Zgadza się z nim Dziekanowski. - Przyznam, że jestem pozytywnie zaskoczony, bo cały czas się rozwija. Na pewno jest dziś lepszy od Džeko, Bośniak to piłkarz bardziej od niego "drewniany". Robert też nie jest typem dryblera i na pewno mógłby poprawić grę jeden na jeden, ale już dziś doskonale wychodzi na pozycję i umie urwać się obrońcy. Czy jest w pierwszej piątce w Europie? Odpowiem w ten sposób: To jeszcze nie jest zawodnik klasy Ruuda Van Nistelrooy'a, ale może taki być - podkreśla.

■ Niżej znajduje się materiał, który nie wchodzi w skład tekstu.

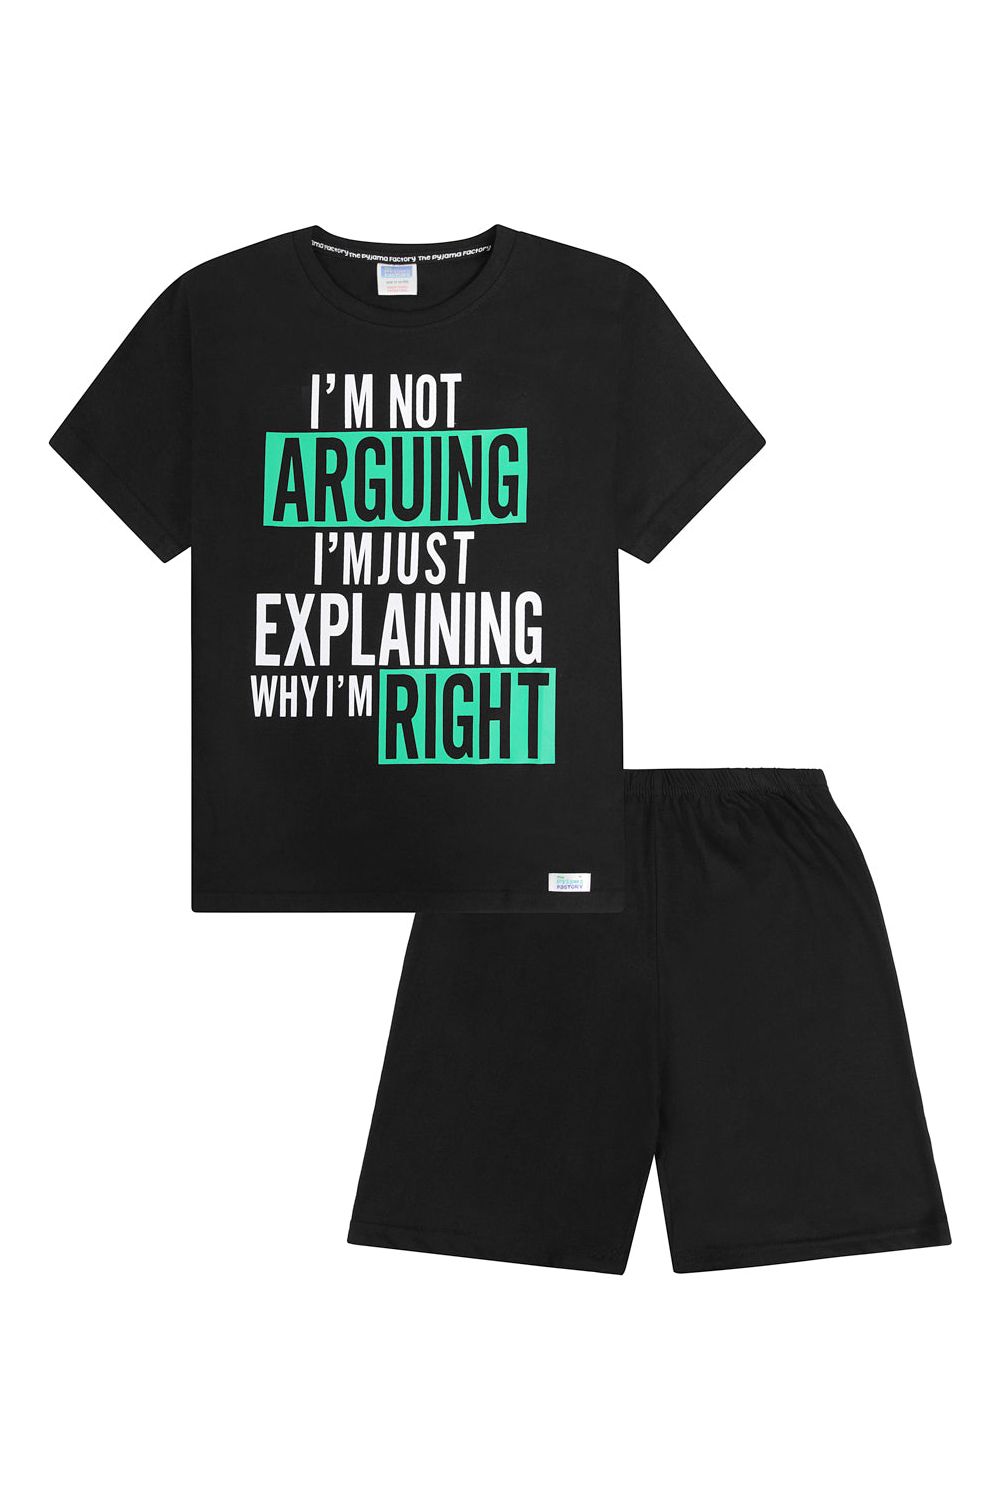 I'm Not Arguing I'm Just Explaining Why I'm Right Cotton Short Pyjamas - Pyjamas.com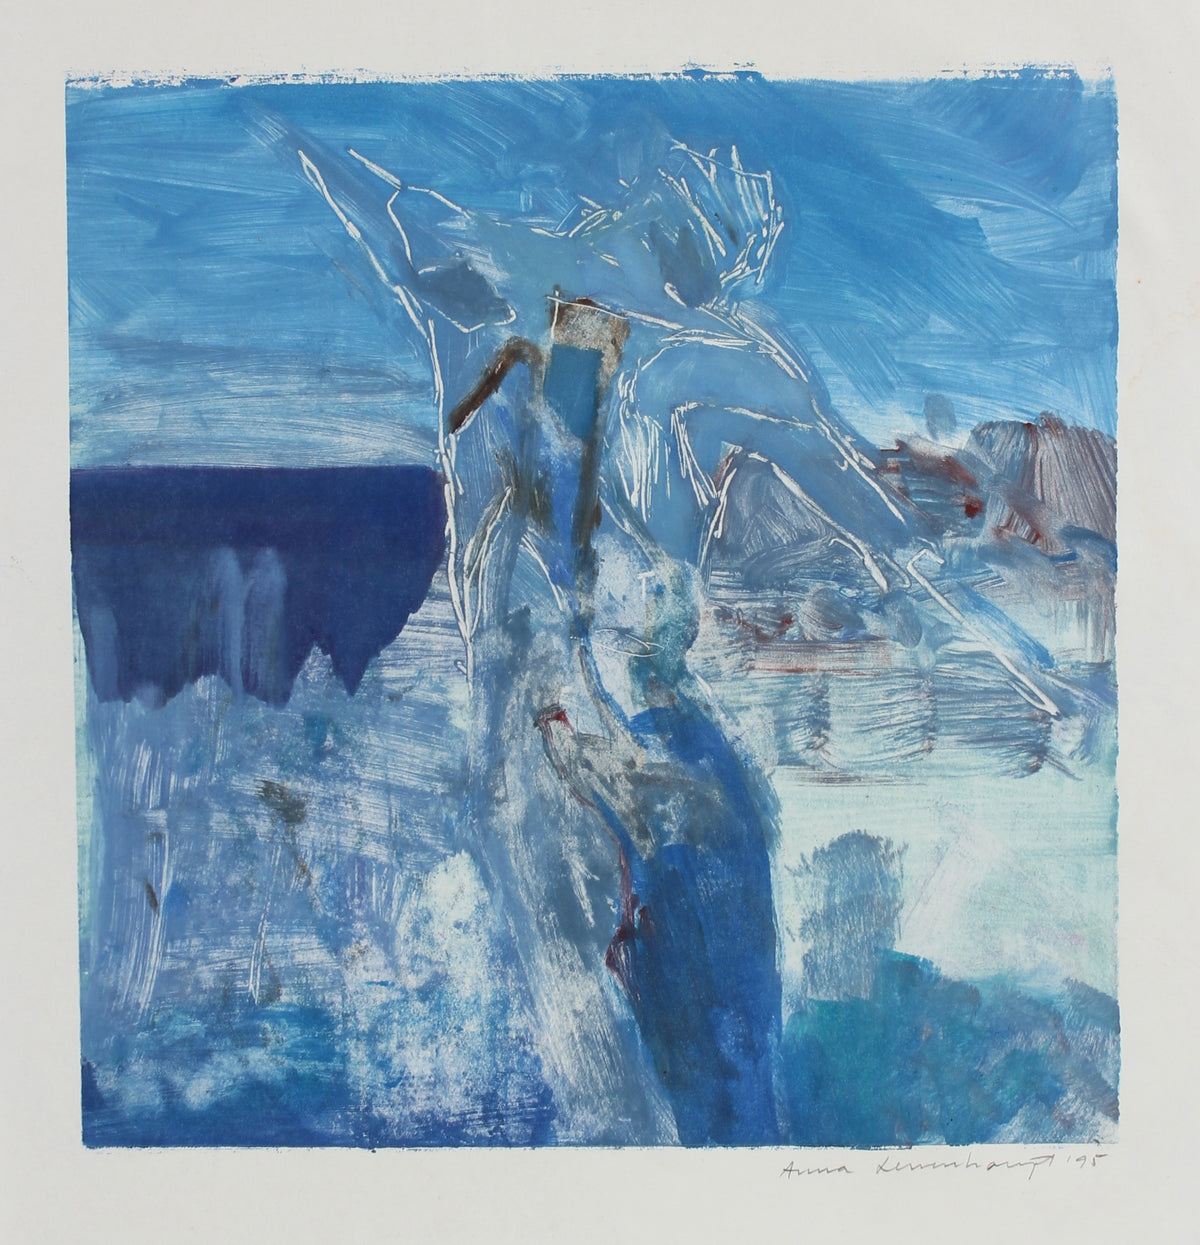 Figure &amp; Form Abstraction - Blue&lt;br&gt;1995 Monotype&lt;br&gt;&lt;br&gt;#99179

Najwyżej wyceniani napastnicy na świecie: 1. Messi (120 mln euro), 2. Rooney (65), 3. Aguero (51), 4. Falcao (50), 5. Hulk (45), 6. Van Persie (43), 7. Gomez (42), 8-9. Neymar i Benzema (po 40), 10. Higuain (38). 11-12. Ibrahimović i Cavani (po 35), 13-14. Suarez i Dżeko (po 29), 15-16. Lewandowski i Soldado (po 25). 17. Huntelaar (20), 18. Giroud (15), 19. Milito (11), 20. Di Natale (6)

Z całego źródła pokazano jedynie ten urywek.